山西,太原城。
這座千年古城佇立在汾河邊,雖然晉商已經名冠天下,但卻沒能給這座城添色多少。
城中晉商的宅子修得一座比一座氣派,城外大部分良田自然而然地落到財大氣粗的晉商名下,只是普通百姓仍舊貧苦。
得益于晉商驚人財力,加上官方雄厚的人脈資源和培養子弟入仕為官,他們毅然成為山西的真正主人。
只是如今,這幫晉商遭到了一場前所未有的浩劫,包括晉商會長陳伯仁在內的核心人員已經被按察使李逢時收監。
雖然在事發之后,他們第一時間派人前去京城活動,甚至還跑到當朝首輔徐階的家里,但等來的卻是朝廷派出來一位林黨欽差。

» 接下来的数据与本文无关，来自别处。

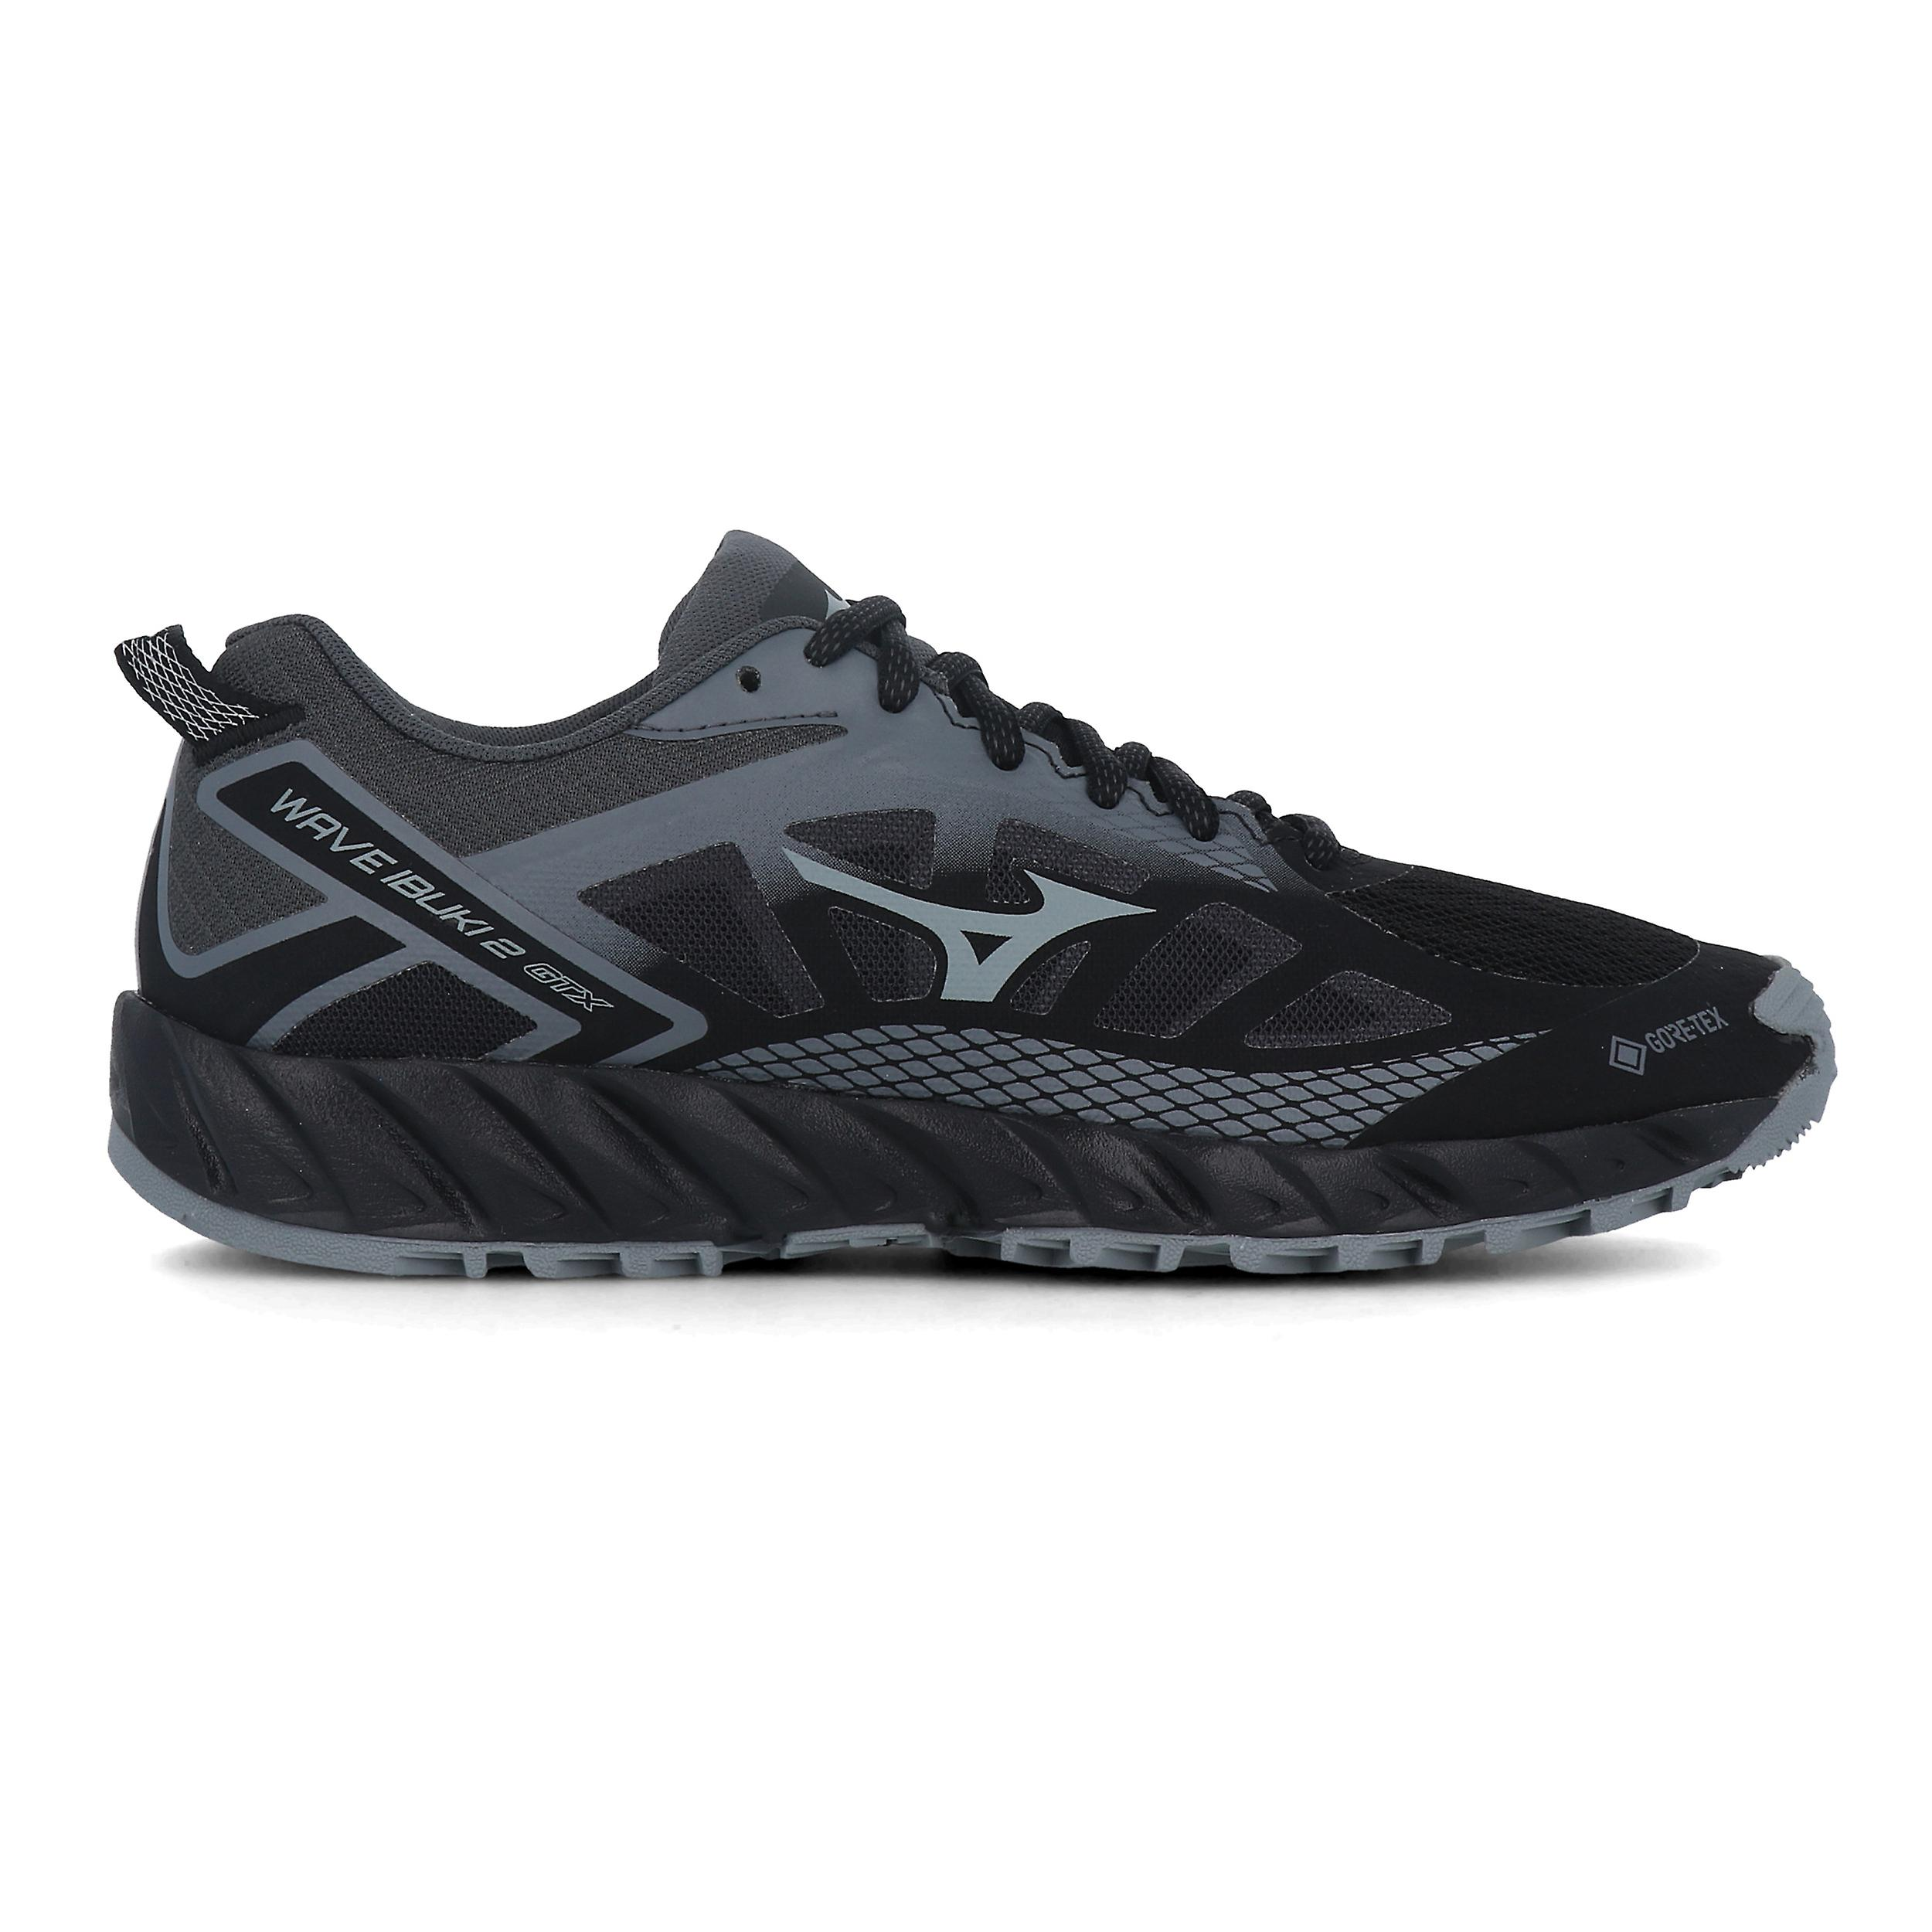 Mizuno Wave Ibuki 2 GORE-TEX Women's Trail Running Shoes - SS20 G0cQh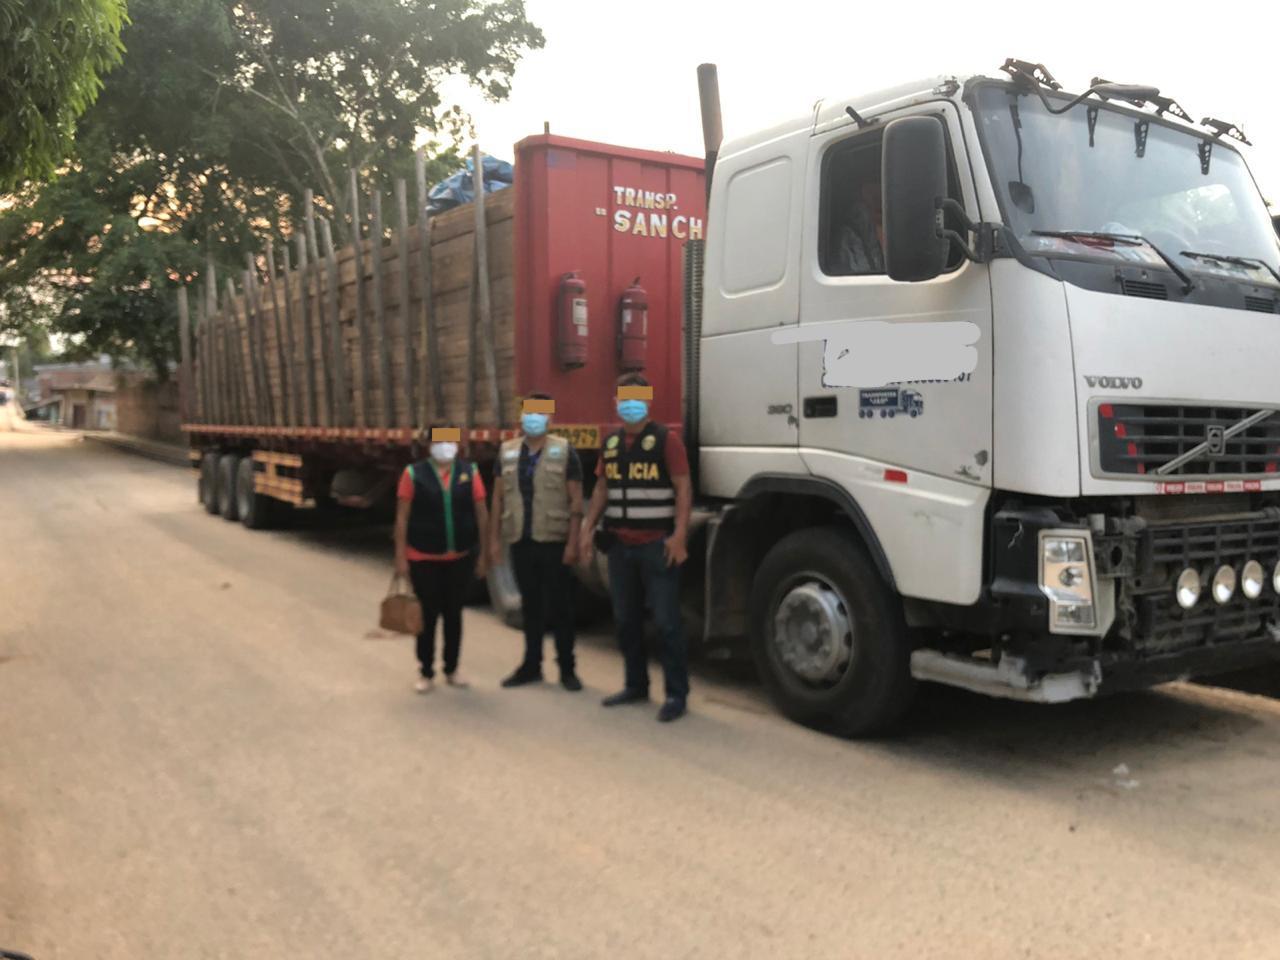 30m3 of Cumala and Lupuna lumber seized in Puerto La Boca

汪柏奉旨來到太原城,亦是自然而然地入駐巡撫衙門,跟押往京城的原山西巡撫王繼洛可謂是失之交臂。
他知道自己身上肩負的使命,并不打算跟地方官員和富紳虛與逶迤,卻是第一時間提審那幫被關押至今的晉商。
跟著林潤一樣,在得到皇差的時候,他亦是做了很多事前工作,更是查閱到很多相關的宗卷和情報。
汪柏讓山西右布政使李敏德和山西按察使李逢時等官員旁聽,來到巡撫衙門公堂坐下便用力一敲驚堂木沉聲道:“帶人犯靳四方!”
沒多會,一個身穿囚服的中年胖子被押上公堂。
雖然經過大半個月的牢獄之苦,但靳四方的臉色仍舊紅潤而富有光澤,顯然在牢中的伙食亦是很好。
靳四方僅是掃一眼呆在旁邊的右布政使李敏德等官員,便是知道公堂上這位便是都察院左副都御史汪柏。
汪柏看著被帶上堂中的靳四方仍舊站立,當即面沉如水地質問道:“靳四方,你見到本官為何不跪?”
“汪大人,我乃嘉靖十八年的貢生舉人!”靳四方面對著汪柏的詢問,當即很是驕傲地仰起下巴道。
由于他出身于晉家之家,從小可謂是衣食無憂,亦是被送到了北京國子監進修,更是考了一個貢舉人的功名。
雖然他后來沒能考取進士很是遺憾,但他只是時運不濟,或者以他的能耐進入官場,此時坐在公堂上之人必定是自己了。
汪柏并不知曉靳四方此時此刻的心思,只是知曉不能強迫一位貢舉人下跪,便是進行審問道:“去年上半年,你先后分三批將一萬匹松江布賣給范千山,此事可真?”
“欽差大人,販賣布匹生意有何不可?大明律哪一條明文禁止了呢?”靳四方聽到是這個事情,當即便是反過來質問道。
汪柏沒想到這個靳四方如此態度,當即沉著聲音重申道:“靳四方,本欽差在問你話,你如實回答!”
“去年上半年太久了,我不太記得了!”靳四方輕瞥了一眼汪柏,卻是選擇裝糊涂地道。